On Tue, 9 Sep 2003, joe jacob wrote:

> Chris and others,
>
> I should apologise for not describing the variables in the first mail. Let
> me explain.
>
> I have an establishment level data set for about 8 years (100,000 plus
> observations)
>
> The key equation of interest is
> IRD= EXPINT+ drd+ droy+ skill+ outshare+gov+ forg /*Eqn 1.*/
>
> where, IRD captures learning efforts from embodied R&D (derived from
> sectoral R&D stock of OECD countries and distributed across establishments
> of a developing country) EXPINT is the export intensity variable.(Other
> variables are basically control variables.) Since this variable (EXPINT) is
> an endogenous variable we have a second equation,
>
> EXPINT = IRD+ drd+ droy+ wagerate+ skill+ size+ size2+ forg /*Eqn 2.*/
>
> This calls for using a simultaneous estimation procedure like 3sls.
>
> The problem is, since all firms don't export, there is a selection bias,
> which has to be accounted for using the Heckman procedure.
>
> The selection variables for EXPINT are the following.
>
> IRD, drd, droy,wagerate, skill, outshare, gov, forg.
>
>
> What I originally thought (albeit not probably correctly) was to estimate
> Eqn2 using heckman procedure, calculate the inverse mills ratio (IMR), and
> then plug this variable in equation 2 and apply 3sls to equation 1 and 2.

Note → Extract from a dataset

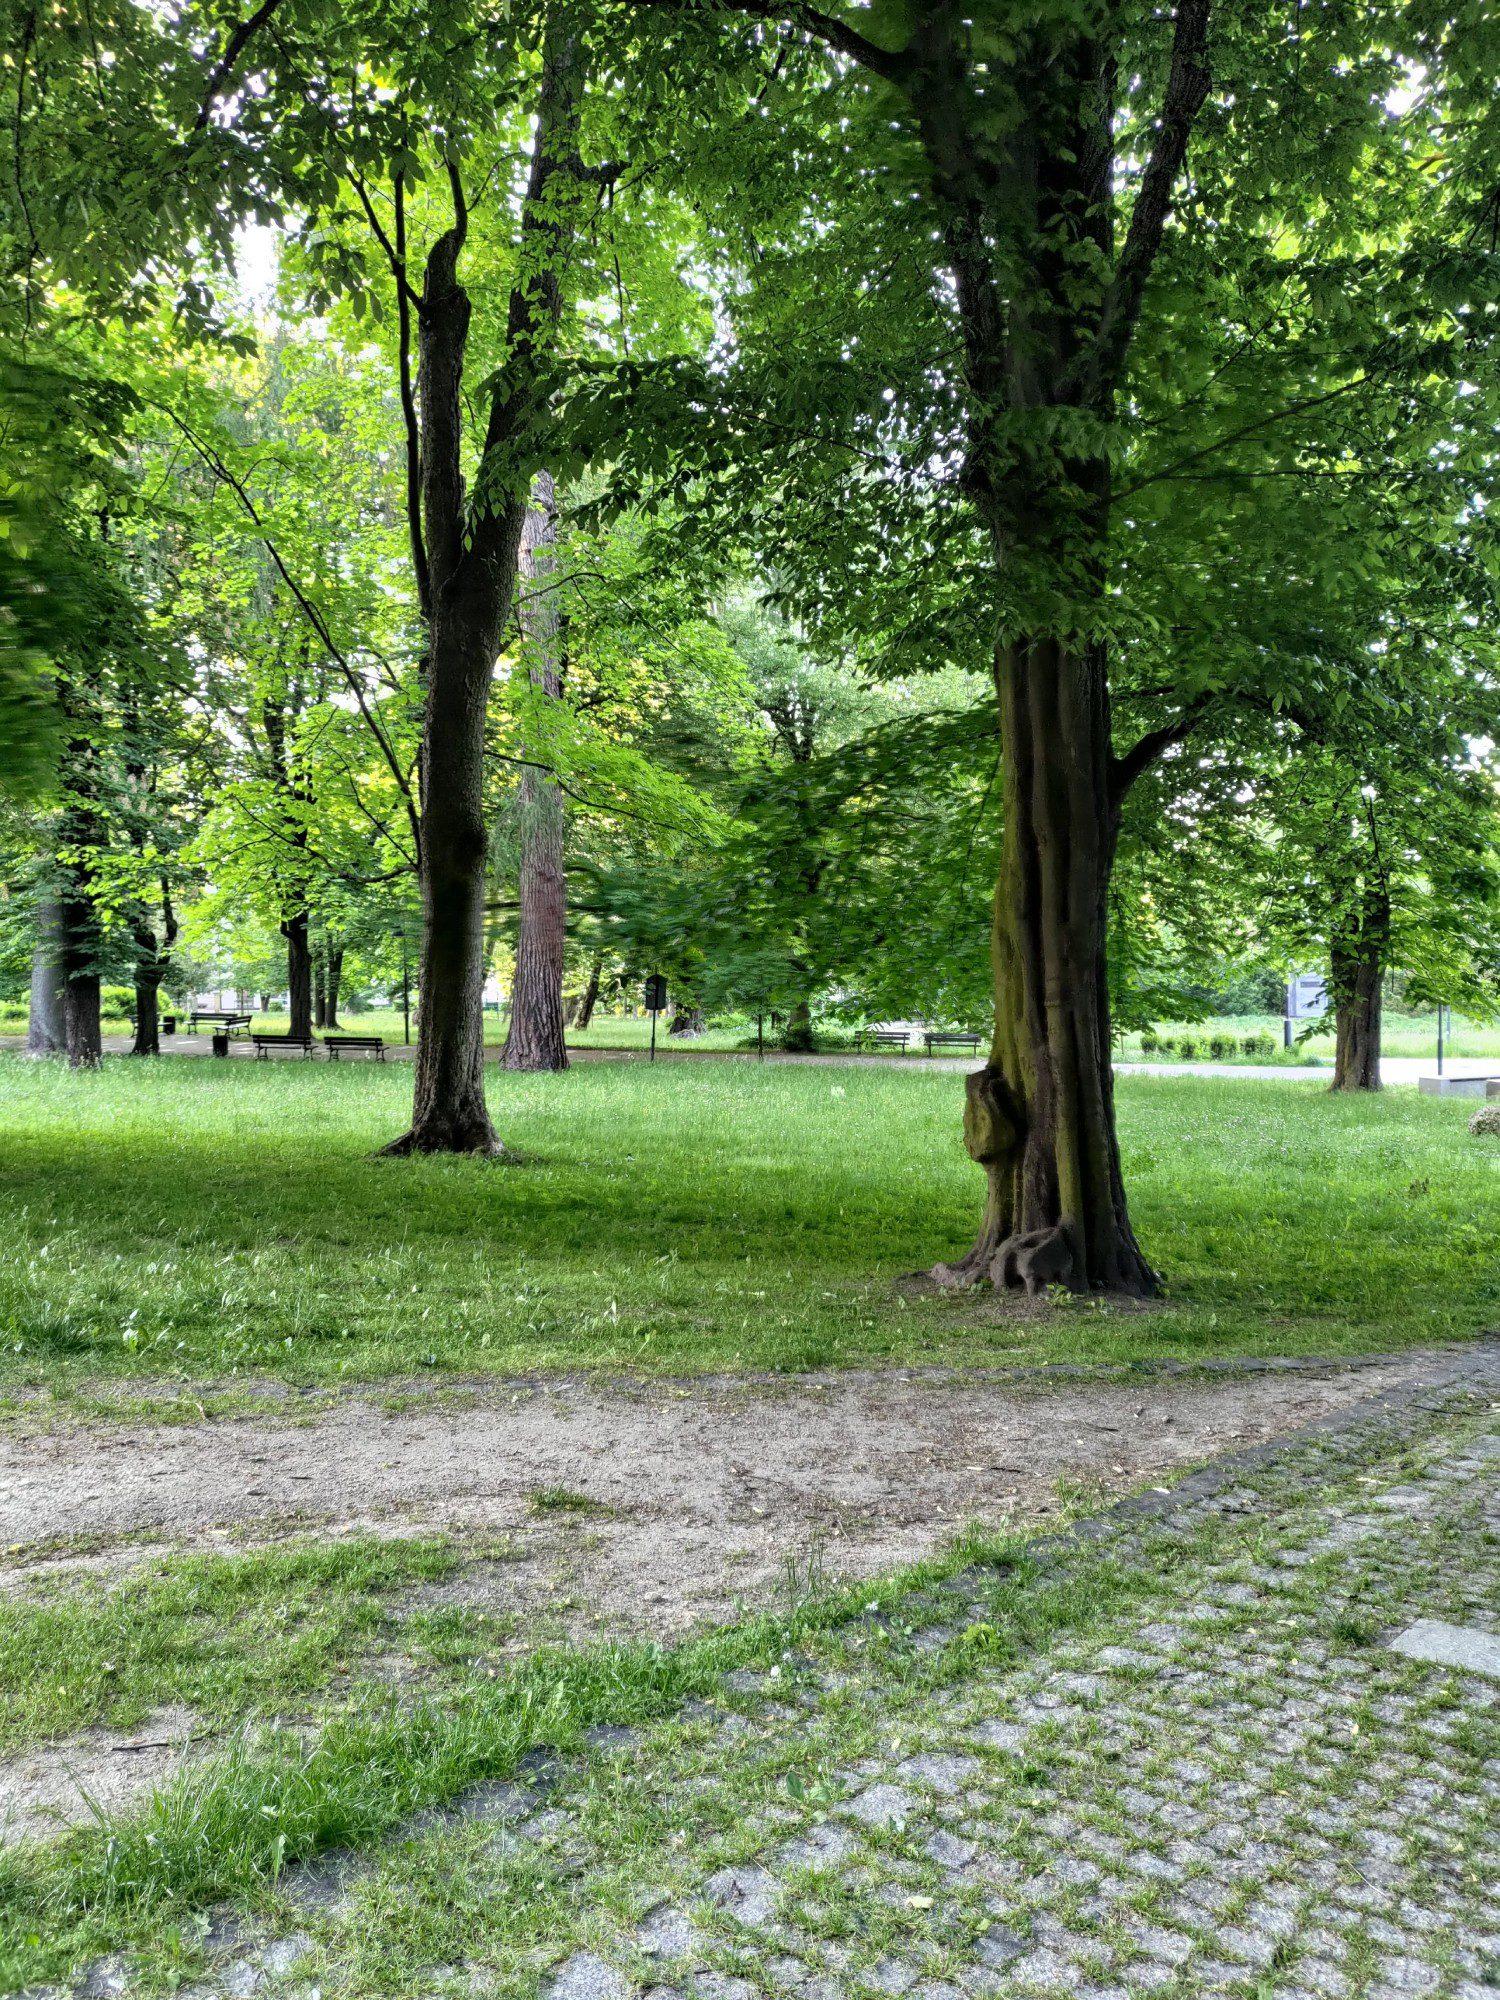 park zdjęcie aparatem zenfone 8

> But when I do heckman I can't account for the endogeneity of the variable
> IRD.
>
> Hope the problem is clear now.
>
> Thanks in advance for any help.
>
> Joe
>
> >From: Chris Rohlfs <car@uchicago.edu>
> >Reply-To: statalist@hsphsun2.harvard.edu
> >To: statalist@hsphsun2.harvard.edu
> >Subject: Re: st: 3sls, selection
> >Date: Mon, 8 Sep 2003 15:36:58 -0500 (CDT)
> >
> >jacob,
> >
> >could you please describe the variables you're looking at ?
> >
> >chris
> >
> >On Mon, 8 Sep 2003, joe jacob wrote:
> >
> > > Dear all,
> > >
> > > This is my first mail to statalist and this mail is made after days of
> > > learning from the discussions in the listserver.
> > >
> > > I have a two-equation system to estimate.
> > >
> > > Eq. (1) y1 = y2 + x1 + x2 +x3+x4+ u
> > > Eq. (2) y2 = y1 + x1 + x2+v,
> > >
> > > with the endogenous variables y1 and y2 (both continuous) appearing in
> >the
> > > RHS of both equations. Thus a simultaneous equation is of course the
> >right
> > > way to proceed.
> > >
> > > But variable y1 needs to be corrected for the Selection hazard using the
> > > Heckman procedure. This is because some observations are zero due to
> >'self
> > > selection'. Thus we have a selection equation involving the variables
> >(y2,
> > > x1, x2 ,x3,x4,x5).
> > >
> > > One approach I could think of is to calculate the IMR from heckman
> > > estimation of equation 1, plugging it back in the same equation and
> >running
> > > a 3sls estimation involving equations 1 and 2. BUT I think that does not
> > > make much sense because IMR is calculated from two equations (Eqn 1 and
> >the
> > > selection equation) that has an endogenous explanatory variable (y2).
> > >
> > > My question is how could I take care of these two problems. 1. The
> > > endogeneity (simultaneity) of y1 and y2 , 2.the selection bias
> >pertaining to
> > > variable y1.
> > >
> > > Thanks in advance for your kind suggestions.
> > >
> > > Sincerely,
> > >
> > > Itty Jacob
> > >
> > > PS: My apologies for any wrong terminology.